Temporal changes in milk fatty acid composition during diet-induced milk fat depression in lactating cows

Diet-induced milk fat depression (MFD) in lactating cows has been attributed to alterations in ruminal lipid metabolism leading to the formation of specific fatty acid (FA) biohydrogenation intermediates that directly inhibit milk fat synthesis. However, the mechanisms responsible for decreased lipid synthesis in the mammary gland over time are not well defined. The aim of this study was to evaluate the effect of diet on milk FA composition and milk fat production over time, especially during MFD, and explore the associations between MFD and FA biohydrogenation intermediates in omasal digesta and milk. Four lactating Finnish Ayrshire cows used in a 4 × 4 Latin square with a 2 × 2 factorial arrangement of treatments and 35-d experimental periods were fed diets formulated to cause differences in ruminal and mammary lipid metabolism. Treatments consisted of an iso-nitrogenous total mixed ration based on grass silage with a forage to concentrate ratio of 65:35 or 35:65 without added oil, or with sunflower oil at 50 g/kg of diet dry matter.
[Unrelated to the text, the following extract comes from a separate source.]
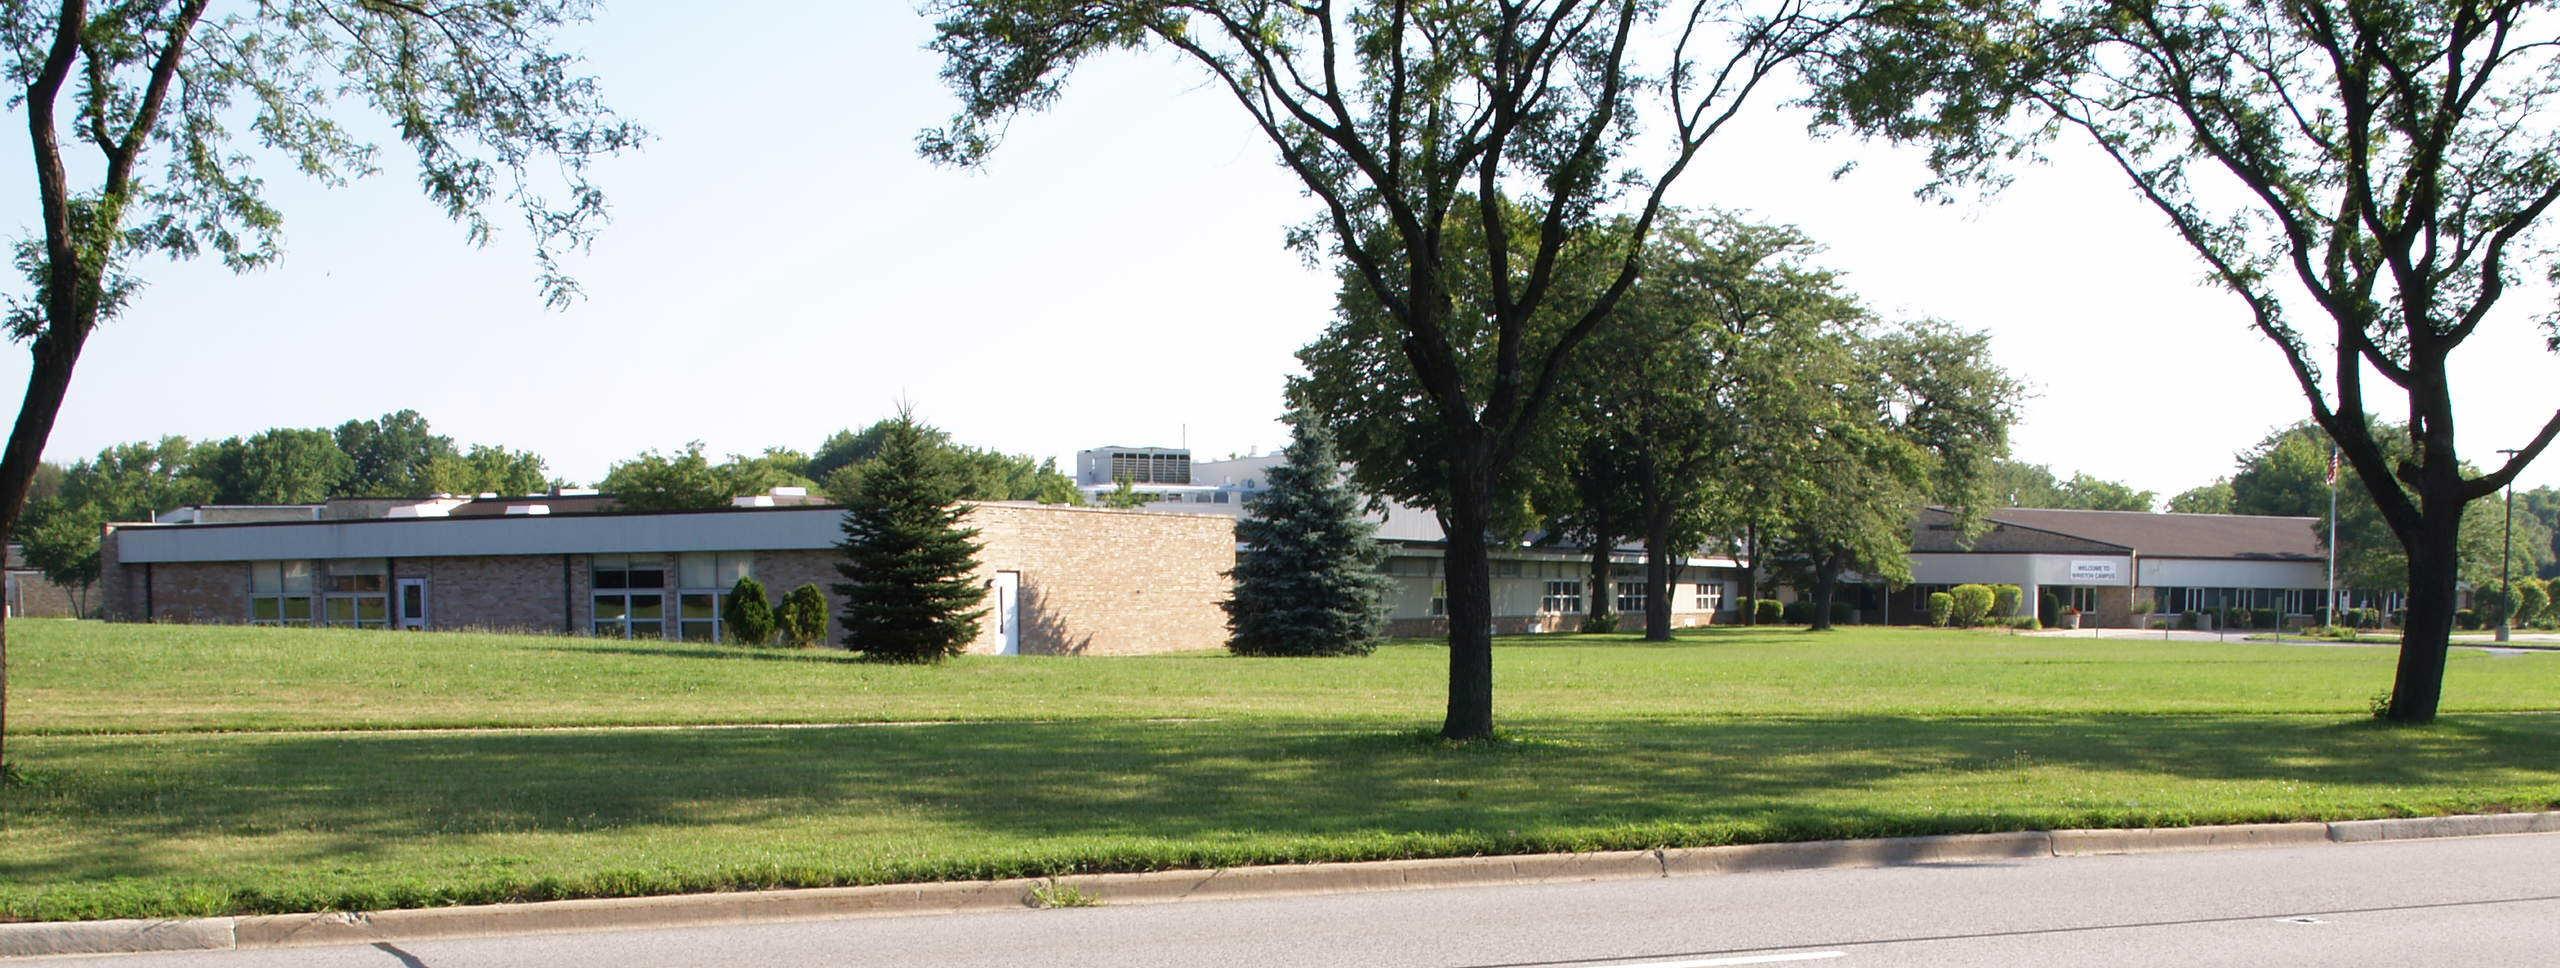 Winston Campus Junior High Palatine, Illinois

The high-concentrate diet with sunflower oil (HSO) induced a 2-stage drop in milk fat synthesis that was accompanied by specific temporal changes in the milk FA composition. The MFD on HSO was associated especially with trans-10 18:1 and also with trans-9,cis-11 conjugated linoleic acid (CLA) in milk and omasal digesta across all diets and was accompanied by the appearance of trans-10,cis-15 18:2. Trans-10,cis-12 CLA was increased in HSO, but milk fat secretion was not associated with omasal or milk trans-10,cis-12 CLA. The temporal changes in milk fat content and yield and milk FA composition reflect the shift from the predominant ruminal biohydrogenation pathway to an alternative pathway. The ambiguous role of trans-10,cis-12 CLA suggests that trans-10 18:1, trans-9,cis-11 CLA and trans-10,cis-15 18:2 or additional mechanisms contributed to the diet-induced MFD in lactating cows.     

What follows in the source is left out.